Ивас уже выдохся. Черные прядки волос прилипли ко лбу. Но он все налетал, хотел, чтобы новенькая сдалась, побежала.
И Алена побежала. Но не на улицу, к девочкам, а опять к школе. Там, загнав маленькую Аню в угол у высокого крыльца, Алешка Жуков колотил ее портфелем, приговаривая:
— Вот тебе!.. Вот тебе, выскочка!
— Перестань! Разве можно слабых обижать! — подбегая, крикнула Алена. — Стыдно!
Алешка замахнулся на нее. Но портфель вдруг вырвался у него из рук и, описав дугу, скрылся в колючих кустах.
Алена схватила Аню за руку и потащила к воротам.
ПОСЛЕ УРОКОВ
Алекс вошел в подъезд и замер: опять! Около их двери на стене было выцарапано: АЛЕШКА + ТОМК…
— Ну, Кислицын! Я тебе, — зло шепнул Алекс и стал на цыпочках подниматься по лестнице. Но противник был начеку. Затопали по ступенькам ноги, хлопнула дверь, и все стихло.
Алешка вернулся на первый этаж и, ругая Женьку Кислицына на все лады, принялся скоблить стену линейкой.
— Папочка! Ой, что у нас сегодня было! — со смехом сказала Тамара, вбежав в комнату, и принялась описывать урок рисования.
Чем дальше она рассказывала, тем больше серьезнело лицо папы. Наконец он положил кисти на столик, отошел от мольберта и, посмотрев рисунок Тамары, сказал:
— Ты огорчила меня, дочка.
— Почему? — удивилась Тамара. — Зинаида Ивановна поставила мне пятерку.

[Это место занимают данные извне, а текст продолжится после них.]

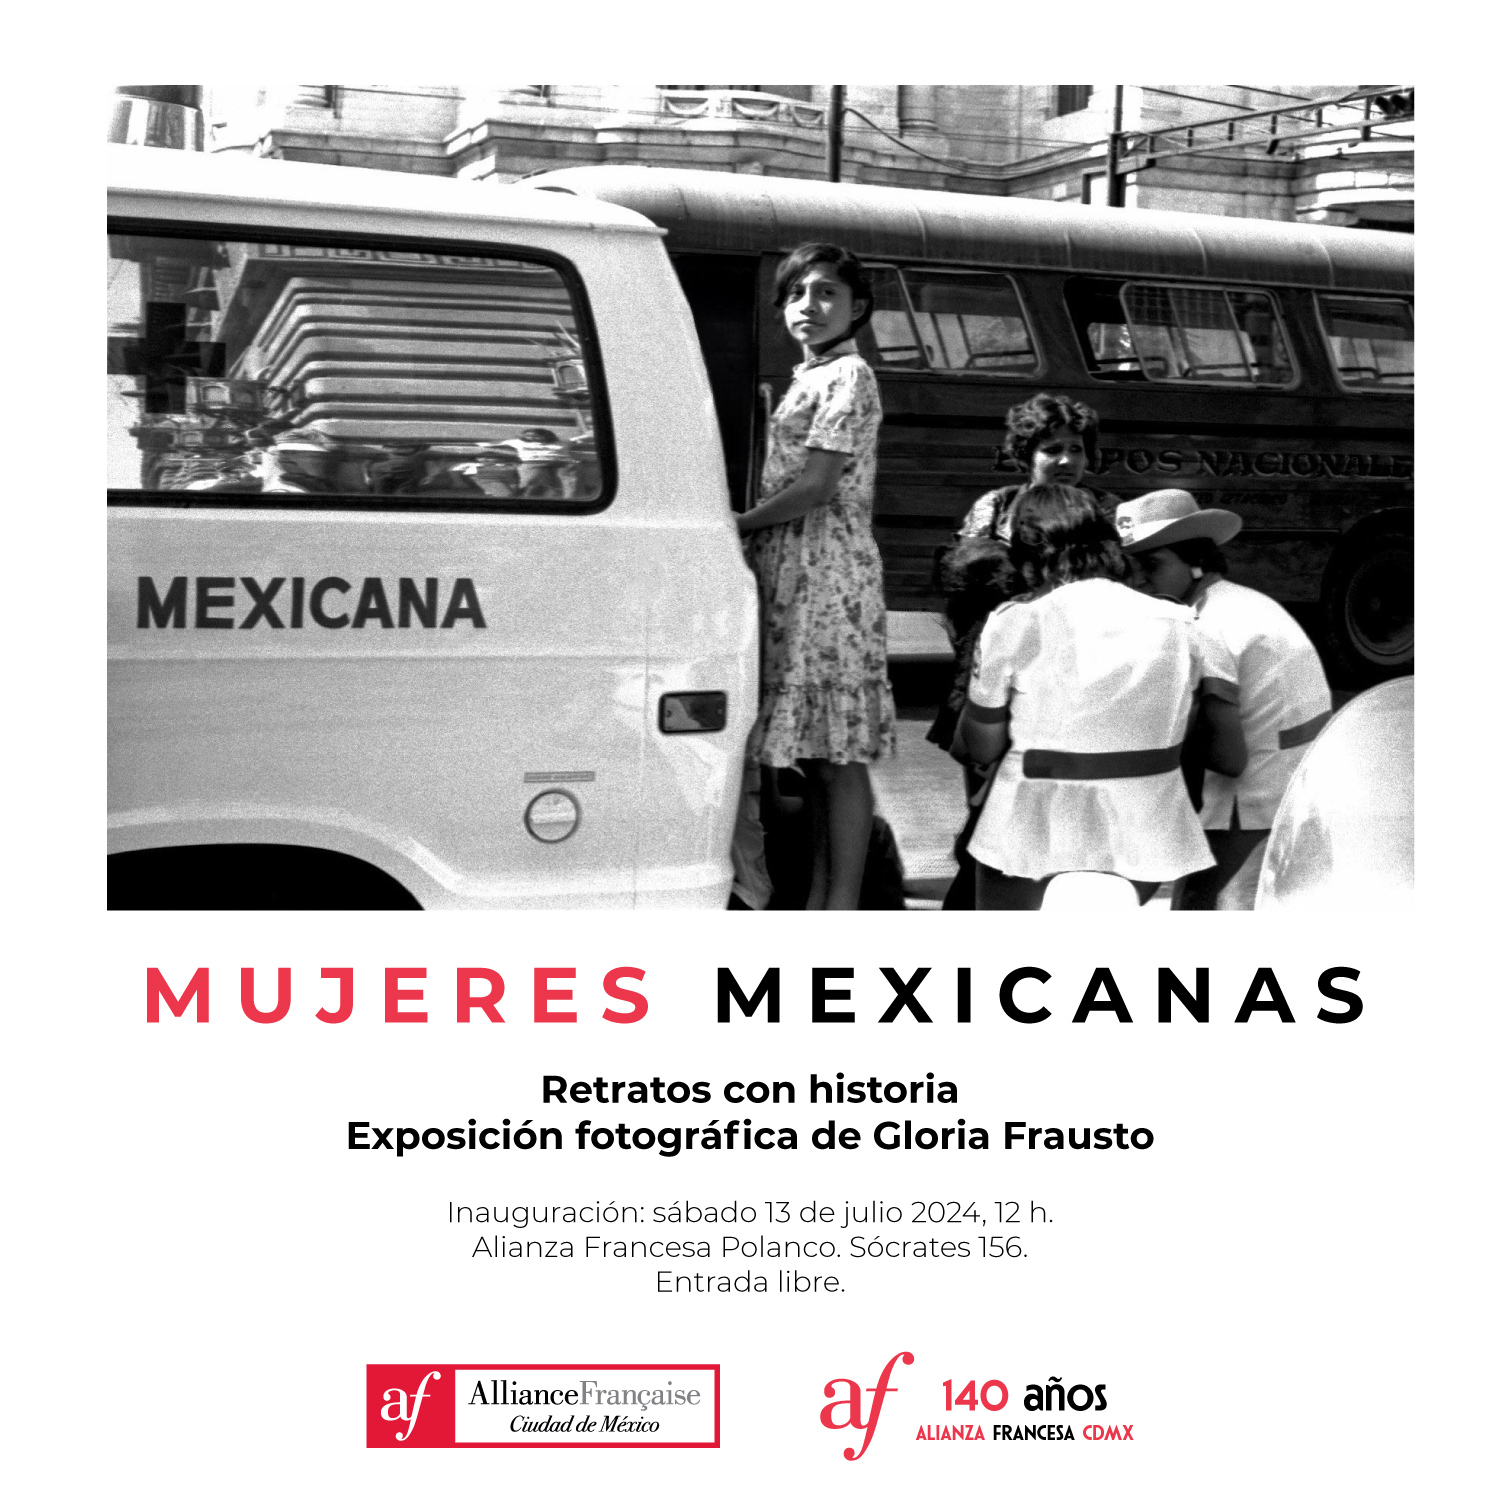 La AFMX inaugurará la exposición “Mujeres Mexicanas. Retratos con historia” de la fotógrafa Gloria Frausto

— Да я не только о твоем рисунке. Ну, пусть сначала о нем. Ты ведь рисовала Пушка тети Зины? Так? А разве он похож? Значит, ты ничего в нем не увидела или не запомнила. У тебя вышла кошка вообще. Понимаешь? Как тысячи других: голова, хвост, глаза. Кстати, это не глаза, а желтые пуговицы.
Папа сделал несколько штрихов карандашом. Глаза Пушка ожили, насторожились и смотрели уже куда-то вверх, будто следили за полетом мухи. Тамара восхищенно вздохнула:
— Ну, папа! Ты же художник!
— А ты моя дочка. И сама хочешь быть художником. Значит, учись видеть, запоминать. Но меня огорчило не это. Зачем вы осмеяли девочку, которая видит лучше вас и, как я понял, сумела показать свою Журку именно такой — смешной, необычной?… И еще: трава-то действительно красится. Ты обязательно познакомь меня с этой девочкой.

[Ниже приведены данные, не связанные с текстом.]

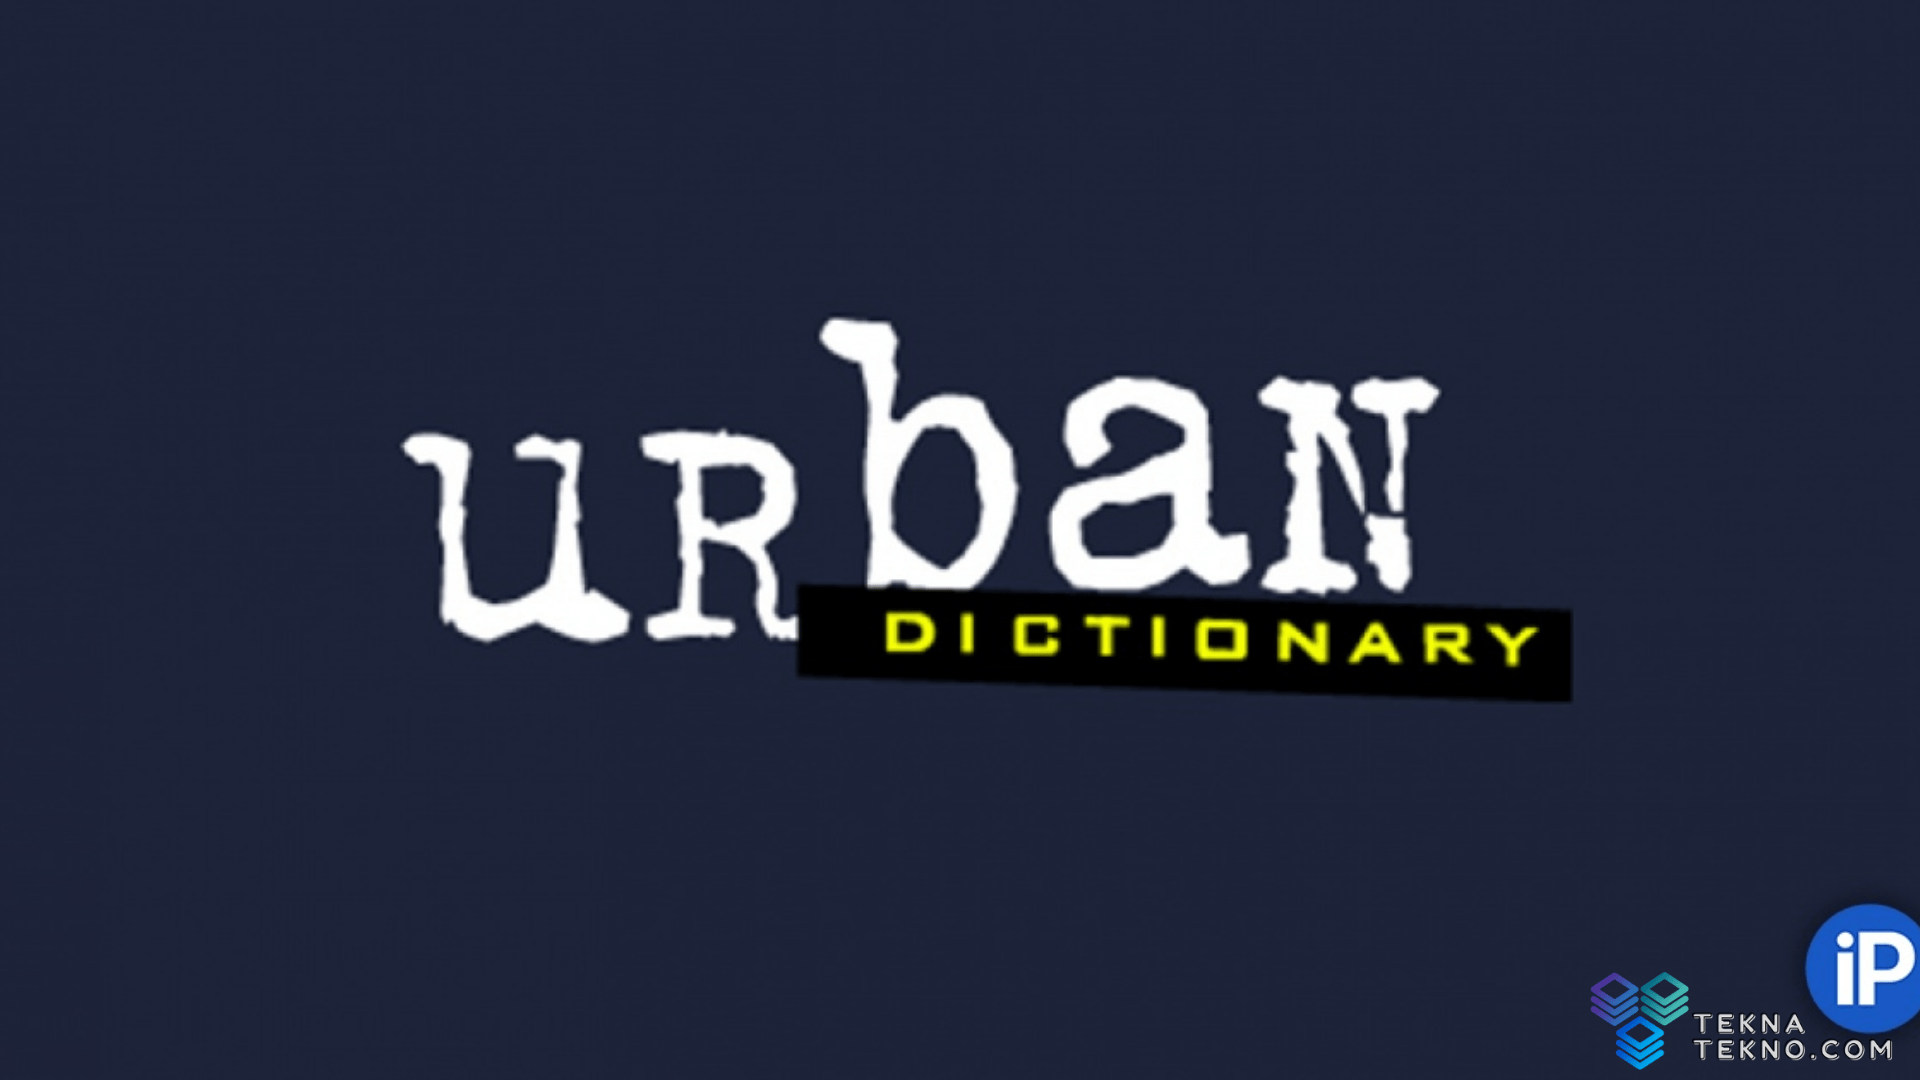 Apa Itu Urban Dictionary Yang Trending di Instagram?

— Вот еще! — вспылила Тамара и выбежала из комнаты.
Алена открыла дверь своим ключом, сняла с гвоздика под календарем записку. Мама писала, где что лежит. Но есть ке хотелось. Алена потянулась к приемнику, но передумала: слушать музыку тоже не хотелось. Может, сразу сделать уроки? Она разложила учебники, села к столу и задумалась.

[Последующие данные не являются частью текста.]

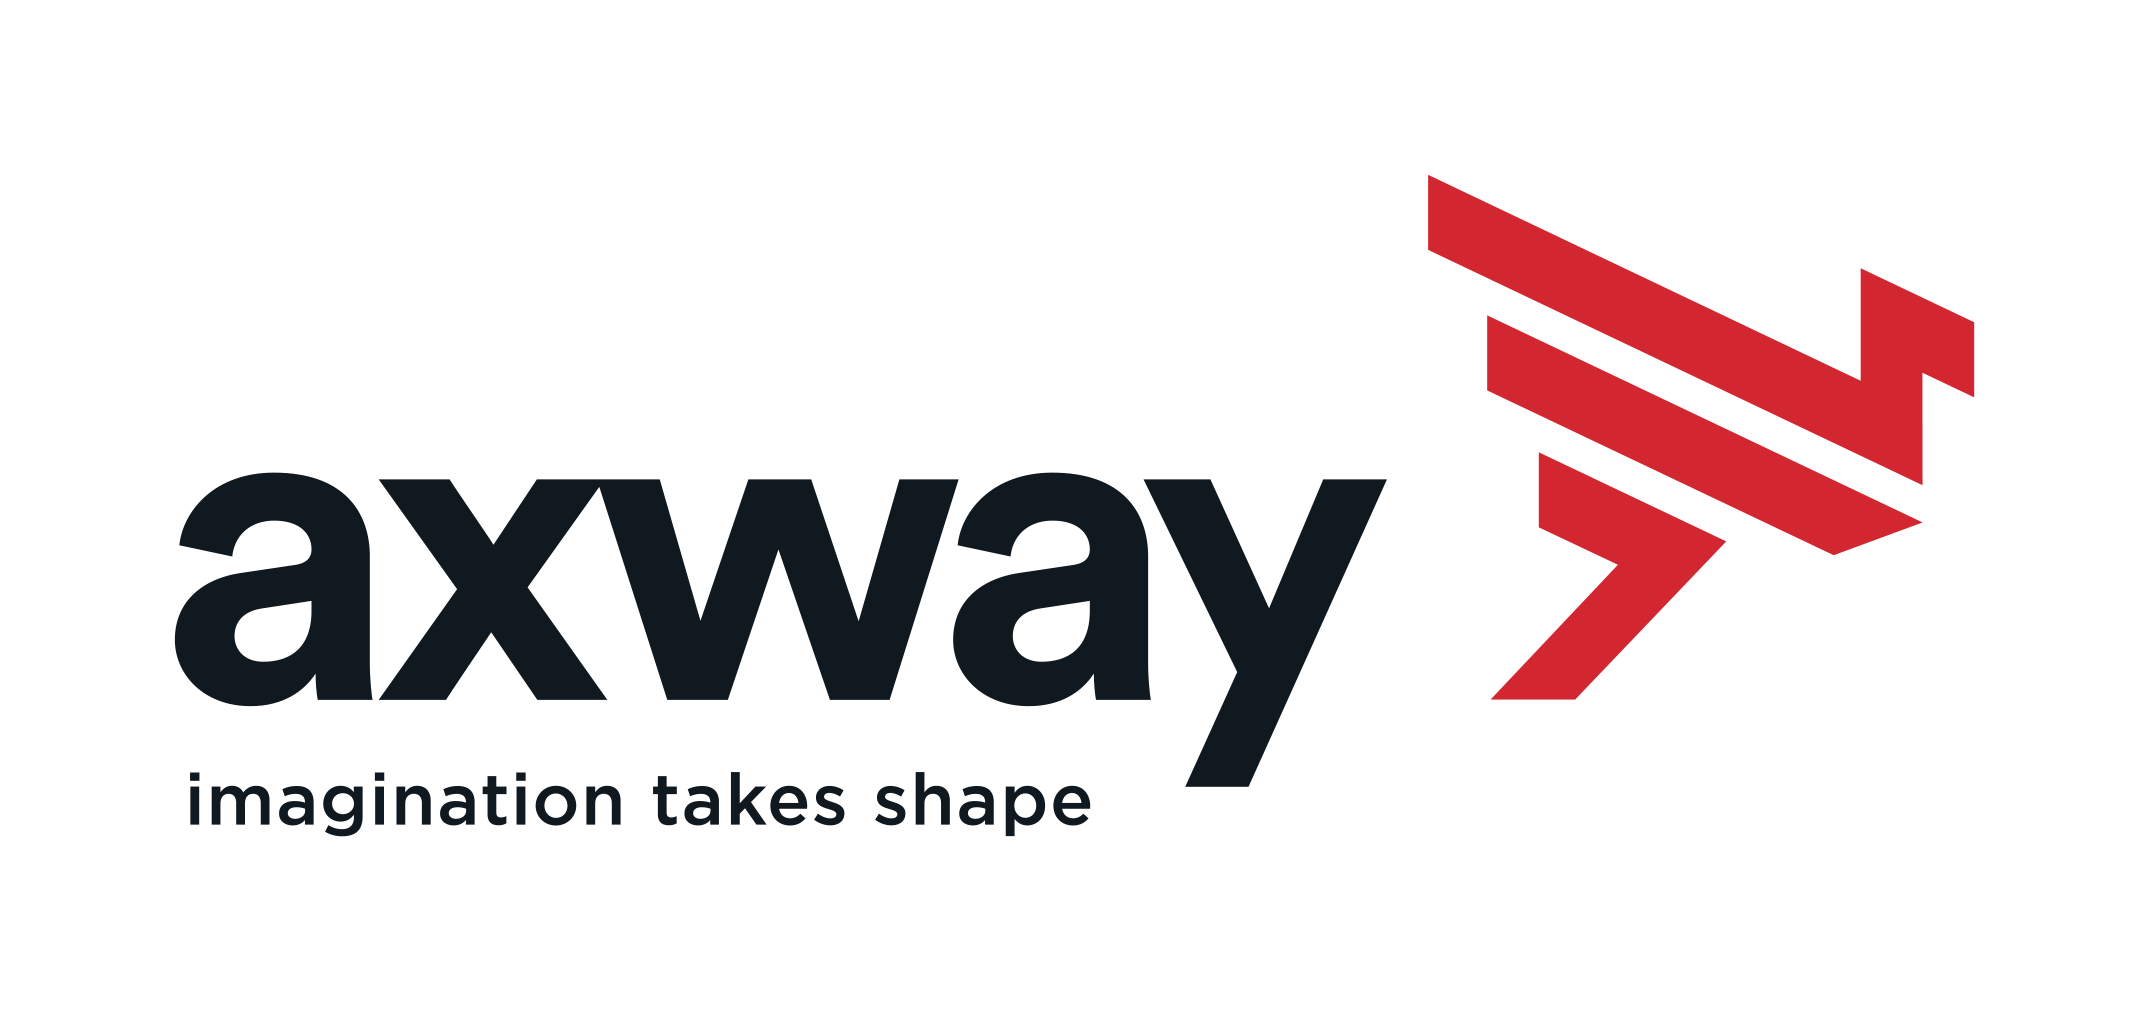 Axway logo tag horiz

Не таким представлялся ей первый день в новой школе… И вспомнился, теперь уже такой далекий, поселок в тайге. Прикрыв глаза, она ясно увидела родную маленькую школу, где ей был знаком каждый уголок. Перед ней, как в кино, проплывали лица ребят их класса, с которыми подружилась еще в детсаду.
Вспомнился кедрик, который папа выкопал в тайге и посадил под окном в тот год, когда Алена только родилась.
Росла Аленка, и кедрик рос. Аленка научилась ходить, говорить. А кедрик научился шуметь под ветром ветвями, стойко переносить удары пурги. Когда кедрик уже дотянулся до Аленкиного окна на втором этаже, он каждое утро здоровался с ней — тихонько стучал в стекло длинными зелеными иголками.
Однажды Аленка сказала маме:
— Почему деревьям не дают имена? Это неправильно!
— Их много. Разве всем придумаешь? — возразила мама.
— Ну и пусть! — не унималась Аленка. — А людей разве не много? Мы же только знакомым.
Мама согласилась. И они всем знакомым деревьям вокруг дали имена. Грустную осинку назвали Золушкой. Стройную елочку у входа в детсад — Балеринкой. Старый дуб у Дома культуры — Дедушкой. А кедрик под окном Аленка сама назвала Братиком… Ох как не хотелось с ним расставаться! Взять бы его с собой. Да разве увезешь?… Он уже вон какой вымахал…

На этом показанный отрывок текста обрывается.